Il terzo: evitare la polarizzazione morale. In queste settimane, e ancora di più in questi giorni, l’opinione pubblica tende a dividersi in tifoserie: chi vede l’Iran come “male assoluto”, chi vede l’Occidente come “aggressore strutturale”, chi riduce tutto a complotto, chi riduce tutto a inevitabilità. In realtà, la politica internazionale è una zona grigia piena di interessi, deterrenza, errori, provocazioni, e anche tragedie civili. Proprio per questo, se vogliamo essere davvero “terra di pace”, dobbiamo imparare a non farci rubare l’intelligenza dal tifo.
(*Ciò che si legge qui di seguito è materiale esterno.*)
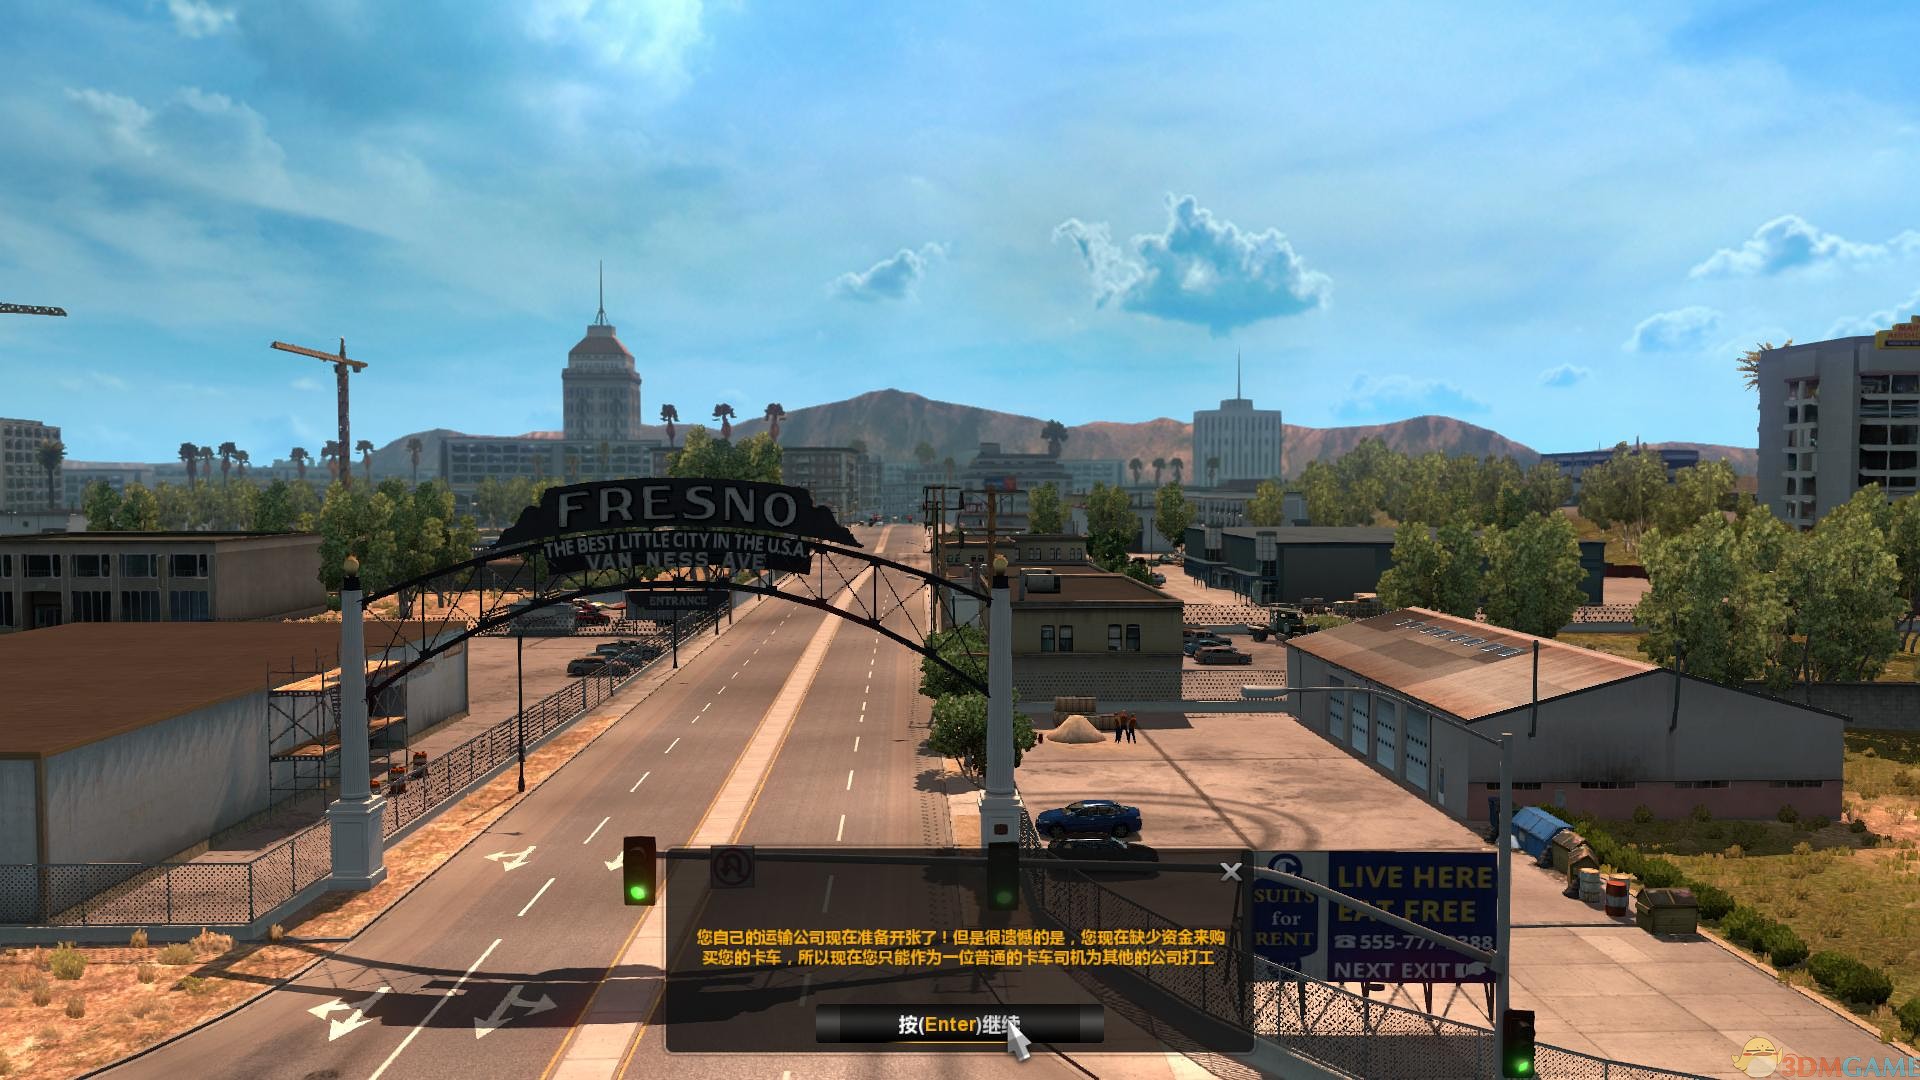 《美国卡车模拟/American Truck Simulator》v1.44.1.0s整合全DLC免安装中文版

C’è poi un’ultima questione, la più delicata: il rischio che la guerra — anche se lontana — diventi un’abitudine emotiva. Che ci si rassegni. Che la parola “escalation” venga pronunciata come fosse meteo. Che il destino di popoli e città venga ridotto a una riga nei mercati energetici. Reuters ricordava che, se la situazione peggiorasse, in Italia si valuterebbe persino la riattivazione di centrali a carbone per gestire eventuali stress energetici. È un dettaglio che racconta molto: la guerra cambia la vita anche dove non cadono bombe. Cambia l’economia, l’energia, la sicurezza, le relazioni internazionali, la qualità del dibattito pubblico.

Ed è qui che la Sicilia torna a essere simbolo e prova: simbolo perché è “ponte” naturale tra Nord e Sud del mondo; prova perché ci chiede di tenere insieme vocazione di accoglienza e realtà strategica, desiderio di pace e presenza militare, vita quotidiana e decisioni globali. Non è comodo. Ma è reale.

Per questo, oggi, l’articolo non può chiudersi con una frase ad effetto. Deve chiudersi con una responsabilità: la pace non è un cartello appeso a una base, né una bandiera usata per zittire le domande. La pace è un processo politico e culturale che ha bisogno di istituzioni trasparenti, cittadini adulti, media capaci di distinguere, e comunità che non cedono alla paura né alla propaganda.

Se la guerra in Iran ci sta insegnando qualcosa, è che il Mediterraneo non è un “mare di mezzo”: è una linea di pressione del mondo. E noi, qui, non possiamo limitarci a sperare che passi. Possiamo — dobbiamo — pretendere chiarezza, proteggere le persone, e continuare a dire una parola disarmata ma concreta: la sicurezza non può divorare la democrazia. E la democrazia, se resta viva, è già un pezzo di pace.